Конечно, он знал, что жена должна покоряться мужу; к тому же своими многочисленными благами Черкасские были обязаны именно умению Кученей ублажить своего венценосного супруга. Однако Темрюкович ничего не мог с собой поделать. Ведь прежде они были неразлучны с сестрой, став любовниками в ранней юности, лишь только начала кипеть кровь в еще полудетских жилах. Но потом, когда Темрюк Айдарович Черкасский задумал перебраться в Россию, он призвал к себе самую старую знахарку, о которой было известно, что она мастерски превращает потаскух в невинных девиц, и велел ей зашить ложесну Кученей, да так, чтобы никто и заподозрить не мог, что она давненько утратила девство. Князь Черкасский, который был старше дочери всего на пятнадцать лет (его женили совсем мальчишкой), и сам не мог спокойно смотреть на ее поразительно красивое лицо, у него тоже горела кровь при мысли о ее волнующем теле, но он понимал, что может найти утешение у других женщин, в то время как прекрасная Кученей принесет ему нечто большее, чем мимолетное наслаждение: богатство и высокое положение. После этого он от души выпорол сына и дочь: Салтанкула – чтоб не смел больше трогать сестру, Кученей – чтоб покрепче сжимала свои стройные ножки перед мужчинами. Обоих унесли чуть живыми. Знахарке же полоснули по горлу лезвием, дабы не сболтнула где чего не надо, и Темрюк Айдарович начал готовиться к переезду в Московию.

За хлопотами он не заметил, что дети его усвоили тяжелый урок очень своеобразно: Салтанкул наряжал сестру в мужской наряд и забавлялся с ней противоестественным способом, словно с каким-нибудь пригожим мальчишкой из горного аула, среди которых находилось немало желающих доставить удовольствие молодому князю.

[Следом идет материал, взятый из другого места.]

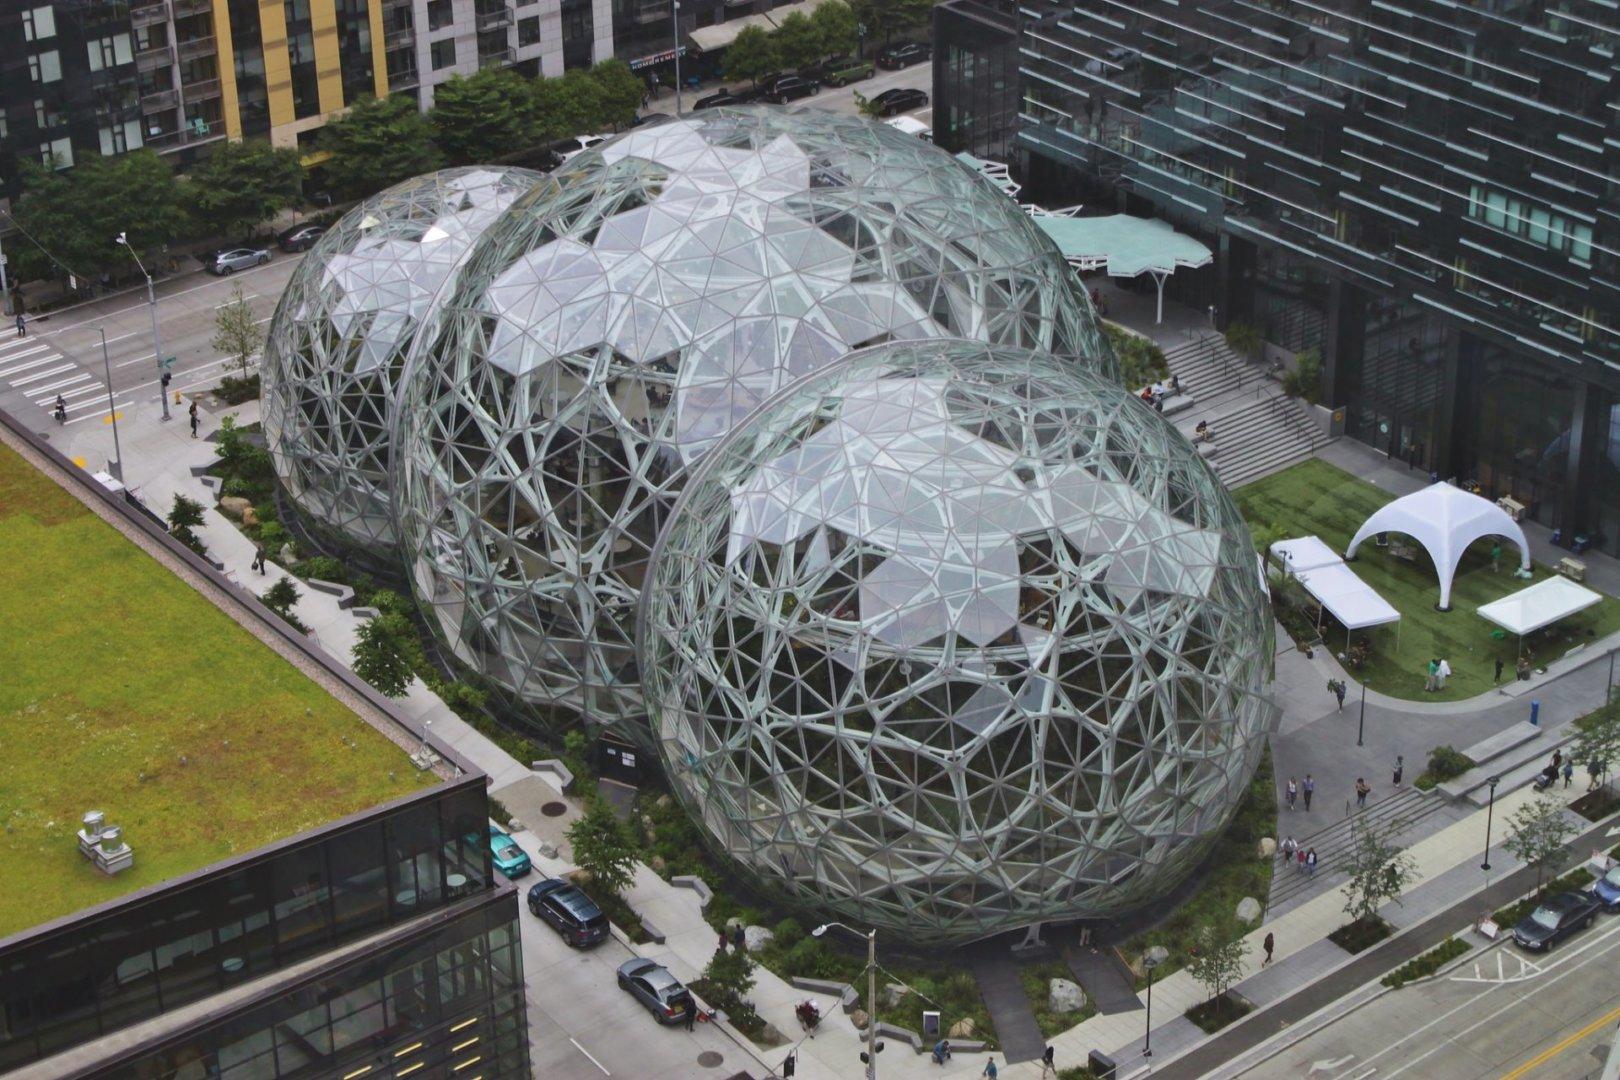 Sede da Amazon, que opera o Prime Video

Кученей же страстно полюбила боль, и чем сильнее охаживал ее плетью брат, тем более был уверен в ее наслаждении.

– Он изменился, – продолжала Кученей. – Он очень похудел – ты заметил? Так меняются люди после какой-то тяжелой болезни. А он ничем не болел, только когда-то давно, еще до меня. Иногда чудится, будто его сглазили, а может, опоили каким-то зельем.

Темрюкович пожал плечами. Пожалуй, немало в Москве, в России, в Ливонии людей, которые не прочь были бы отравить московского царя. А уж тех, кто сопровождал каждый его шаг недобрыми помыслами, и того больше! Вполне может статься, что и сглазили. Ведь Кученей права: за последние два года царь подурнел собой. Некогда красивый, плотный мужчина, он усох телом и ликом, вдобавок бреет голову, как татарин, и в свои тридцать три года выглядит на десяток лет старше.